• DATA:
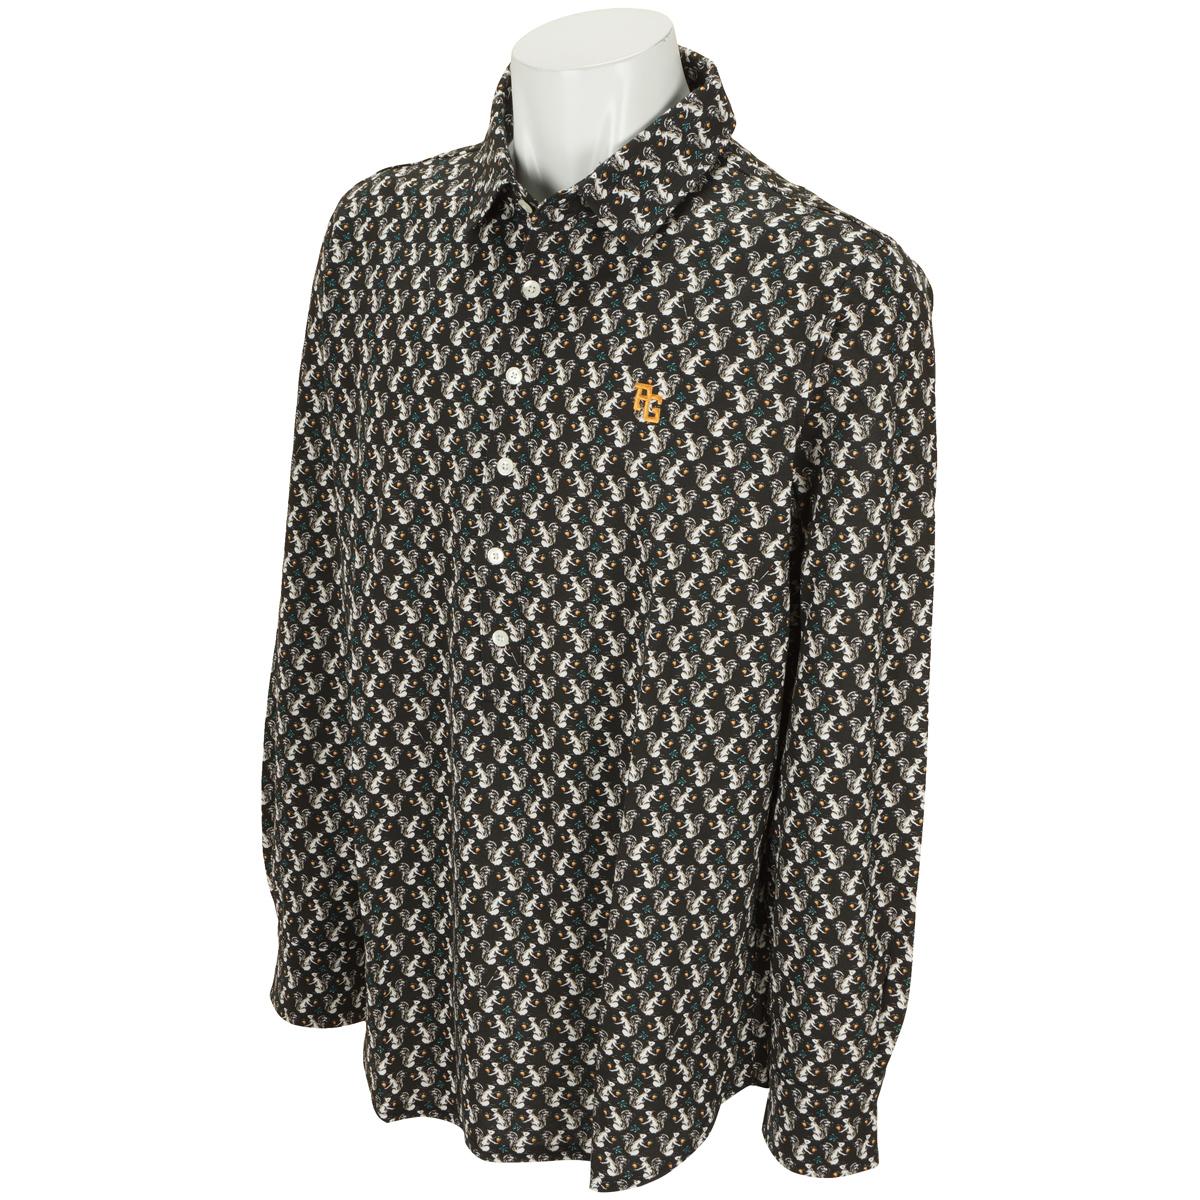 ハイゲージ度詰ポンチ リス柄プリント 長袖ポロシャツ
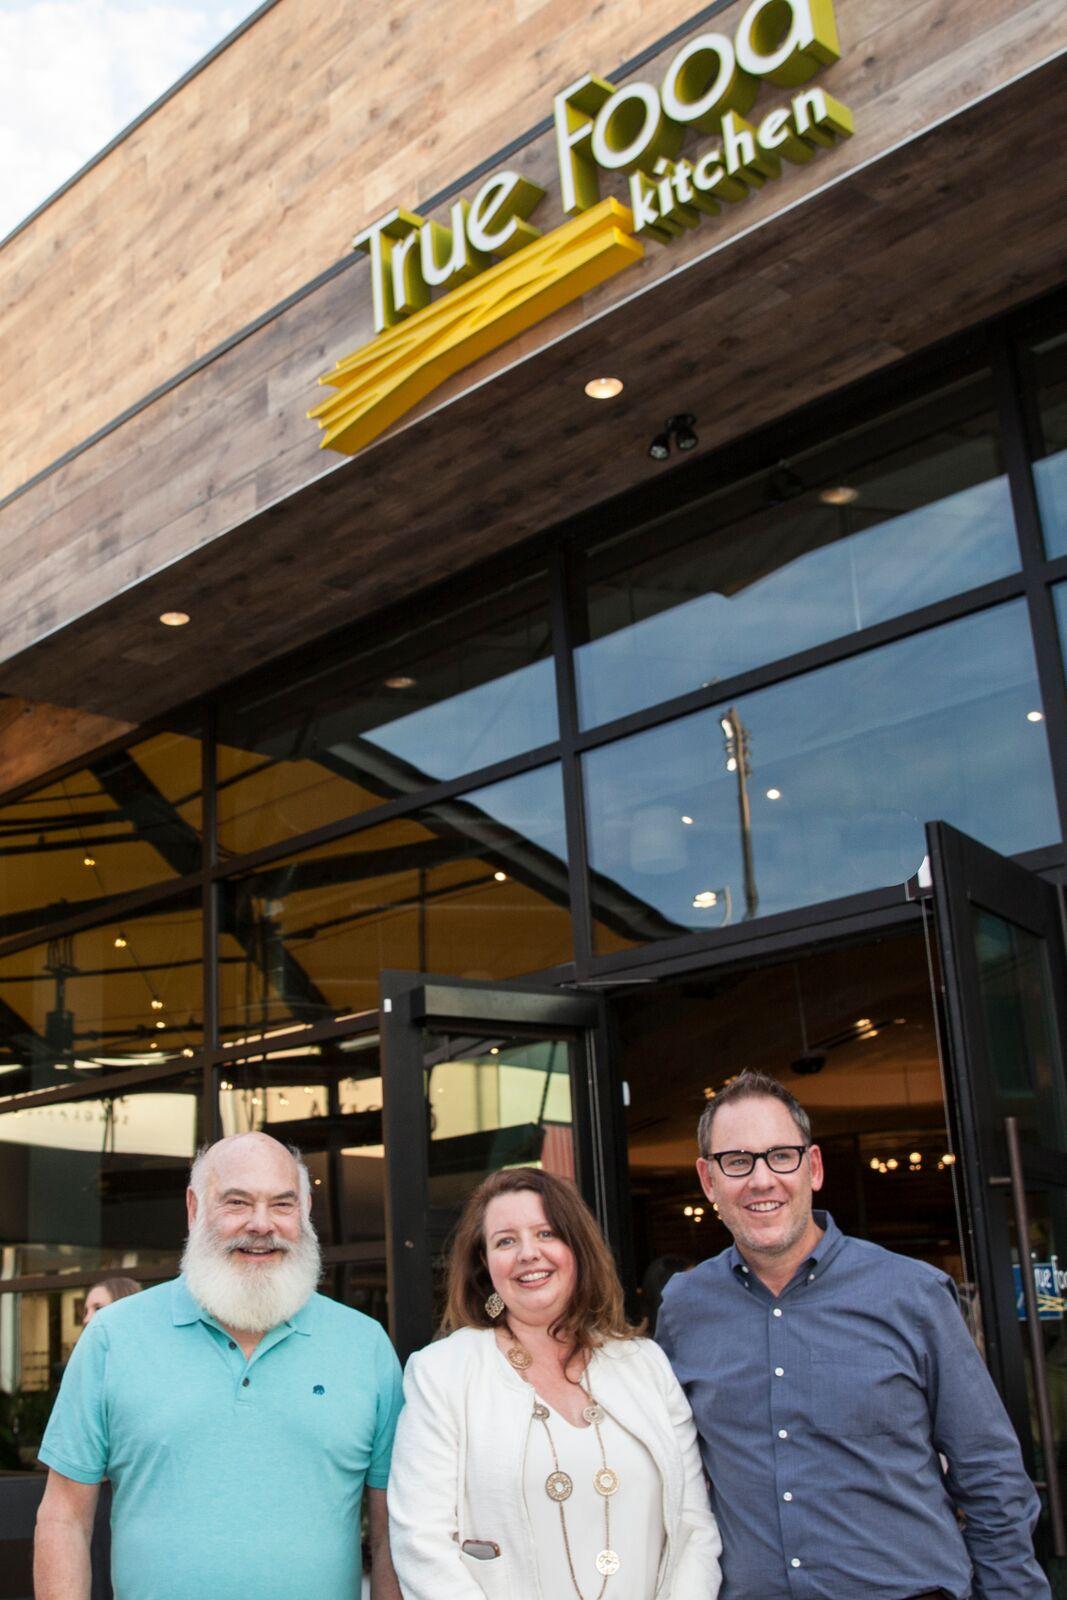 True Food Kitchen Opening - Walnut Creek
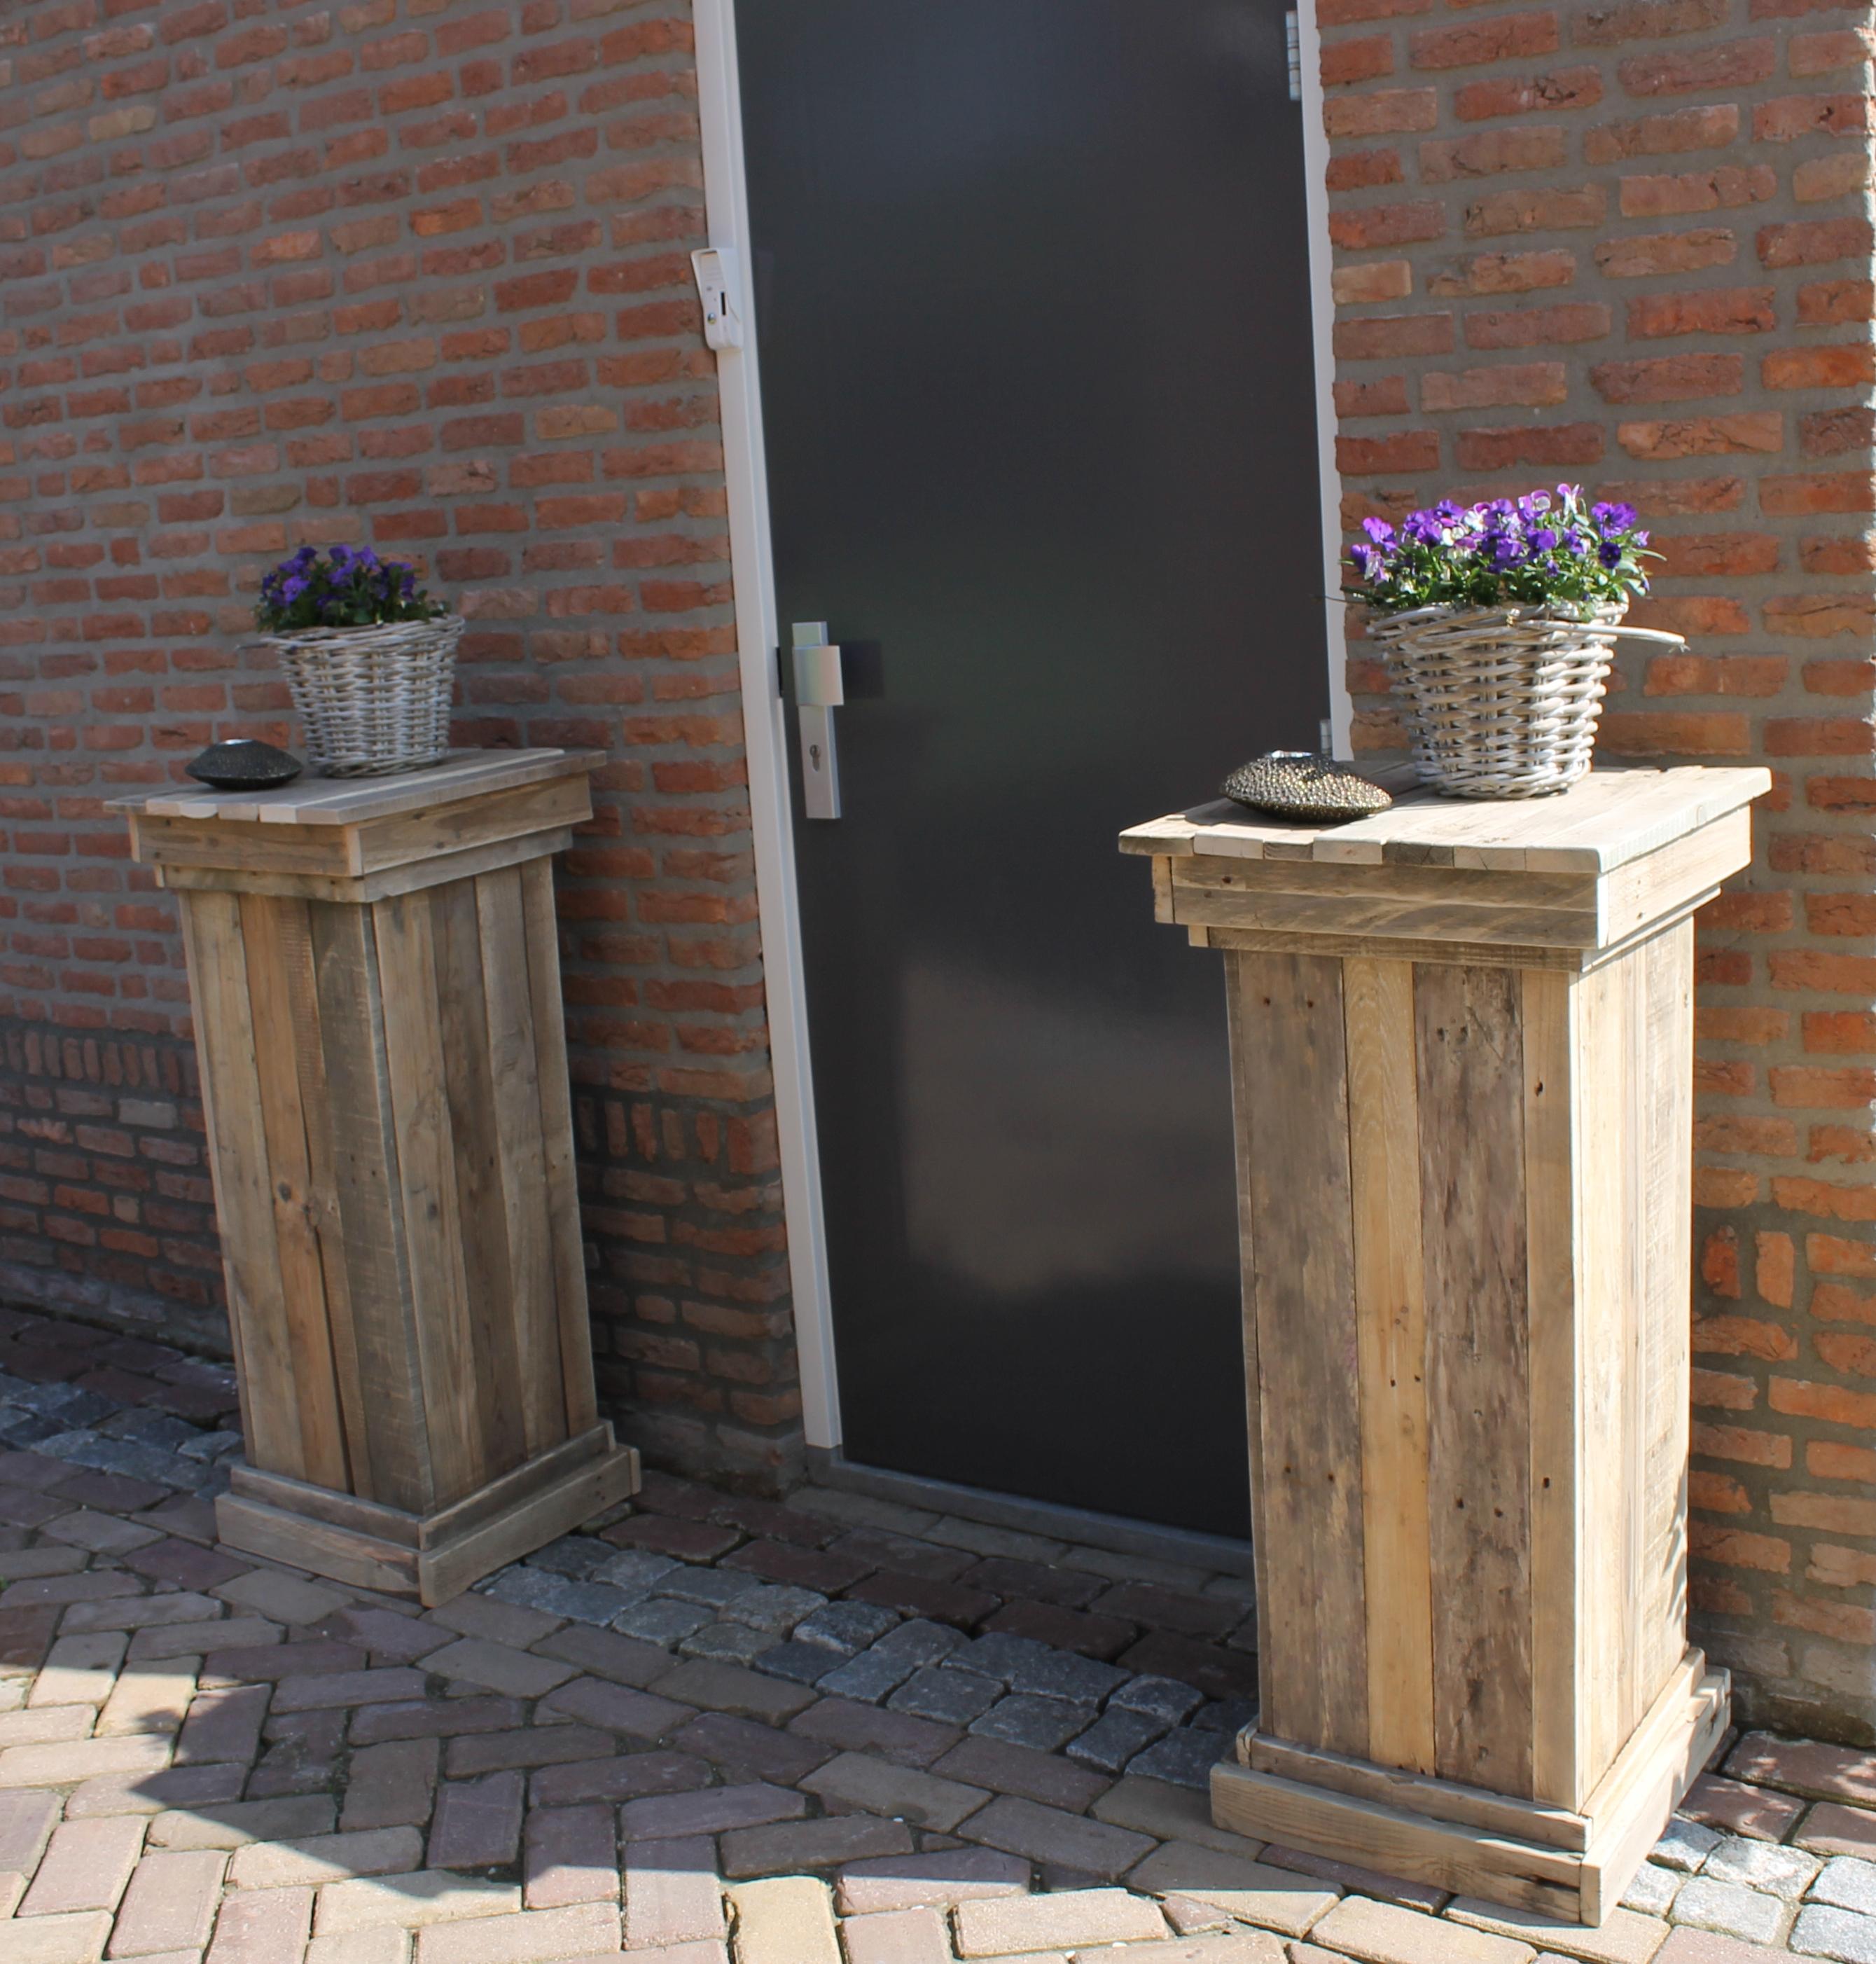 Frerejean timmerwerken interieurbouw houtbewerking ambachtelijke meubels - Entree decoratie ...
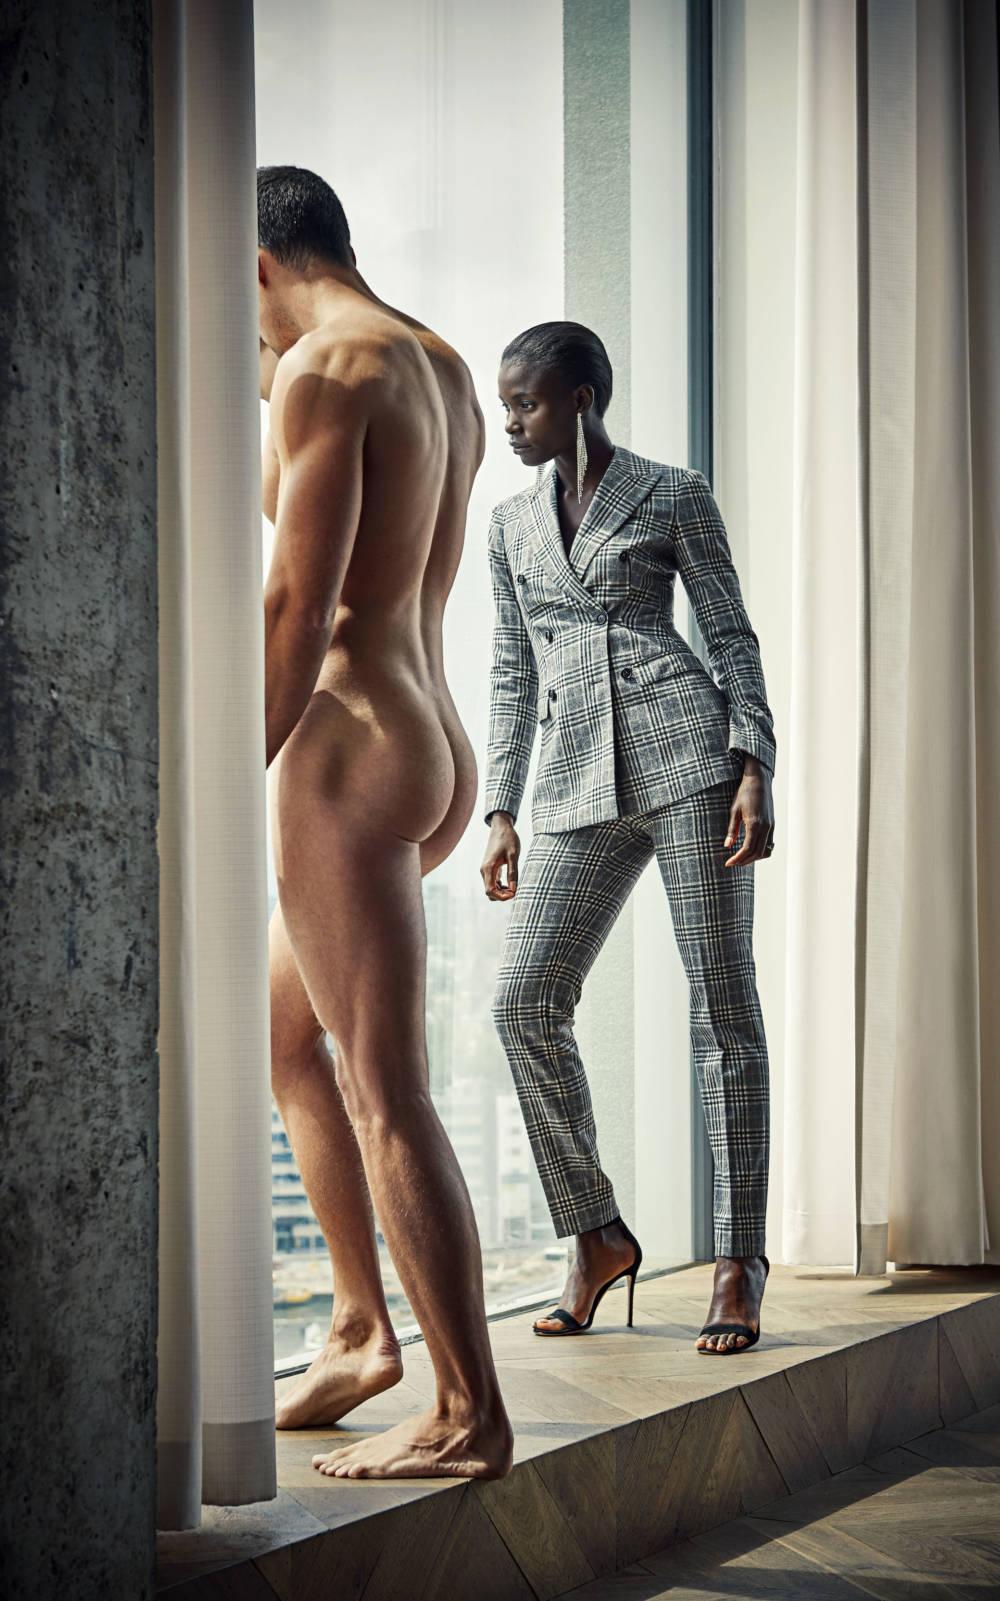 Frauen nackt mode

• TASK REQUIREMENTS: Every line of the material should be repeated precisely; pictures are to be excluded.

• RESULT BELOW:
 ハイゲージ度詰ポンチ リス柄プリント 長袖ポロシャツ
 True Food Kitchen Opening - Walnut Creek
 Frerejean timmerwerken interieurbouw houtbewerking ambachtelijke meubels - Entree decoratie ...
 Frauen nackt mode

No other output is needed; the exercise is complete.